EXERCISE BRIEF: In the listing below, find the line with "Gymshark navy short" and the line with "Herbal Choice Mari Organic Facial Cleanser, Dry Skin - Herbal". Repeat those two lines and all lines between them exactly.

RAW DATA:
[Start of section]
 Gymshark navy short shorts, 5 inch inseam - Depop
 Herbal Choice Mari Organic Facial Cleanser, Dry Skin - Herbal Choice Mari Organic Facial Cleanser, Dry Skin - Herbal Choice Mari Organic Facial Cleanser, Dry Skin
[End of section]
[Start of section]
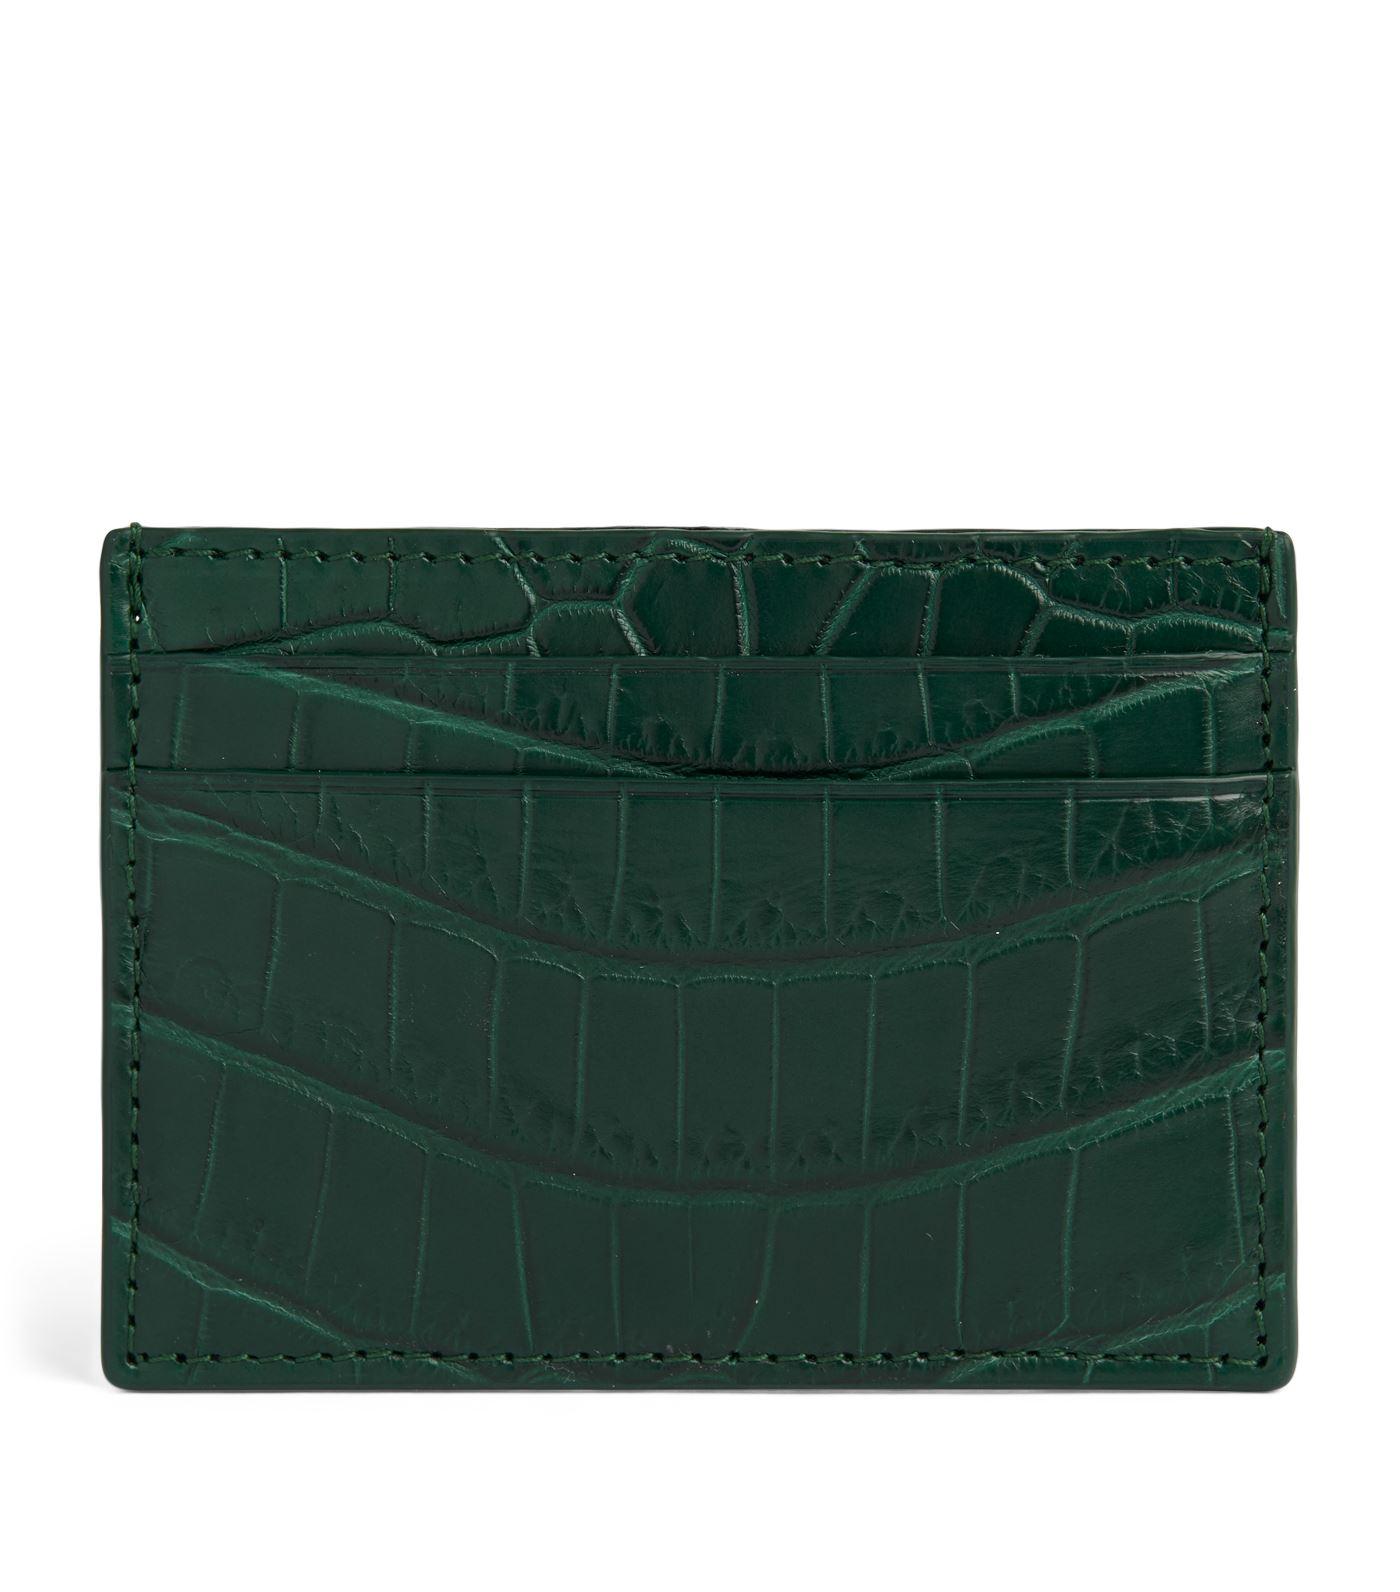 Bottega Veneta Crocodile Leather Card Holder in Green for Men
[End of section]
[Start of section]
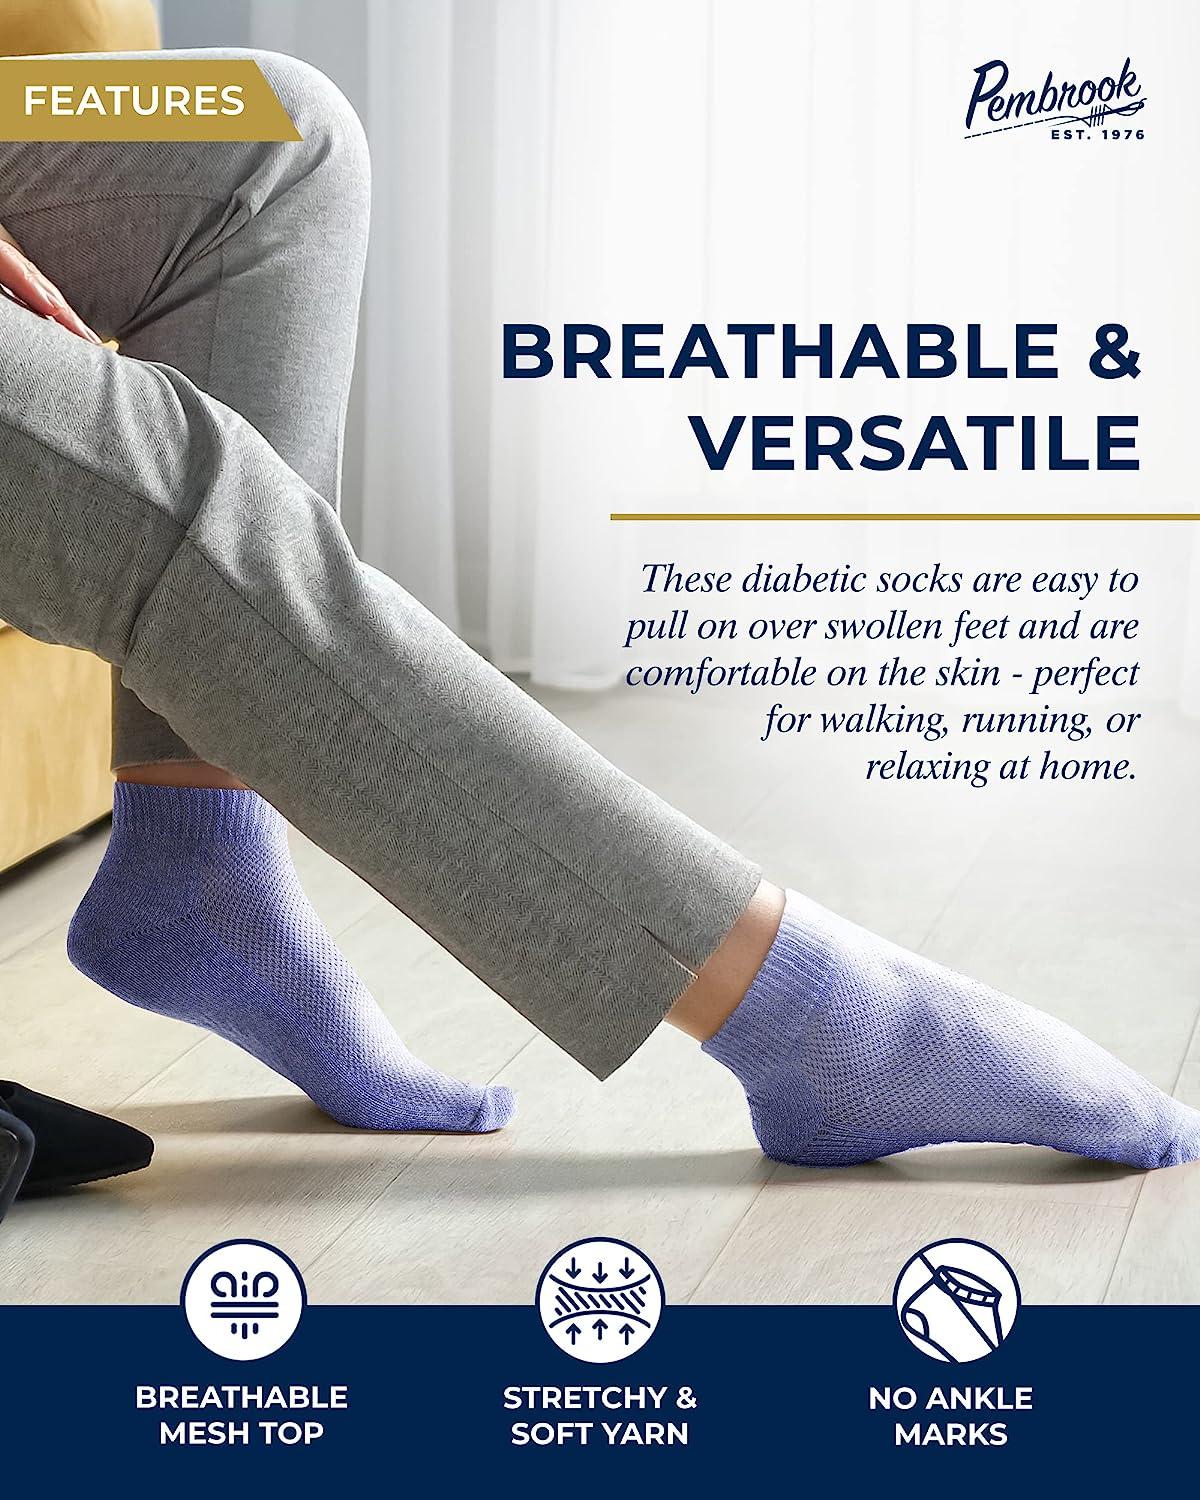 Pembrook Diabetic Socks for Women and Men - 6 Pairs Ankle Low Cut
[End of section]
ANSWER TO THE PROBLEM:
 Gymshark navy short shorts, 5 inch inseam - Depop
 Herbal Choice Mari Organic Facial Cleanser, Dry Skin - Herbal Choice Mari Organic Facial Cleanser, Dry Skin - Herbal Choice Mari Organic Facial Cleanser, Dry Skin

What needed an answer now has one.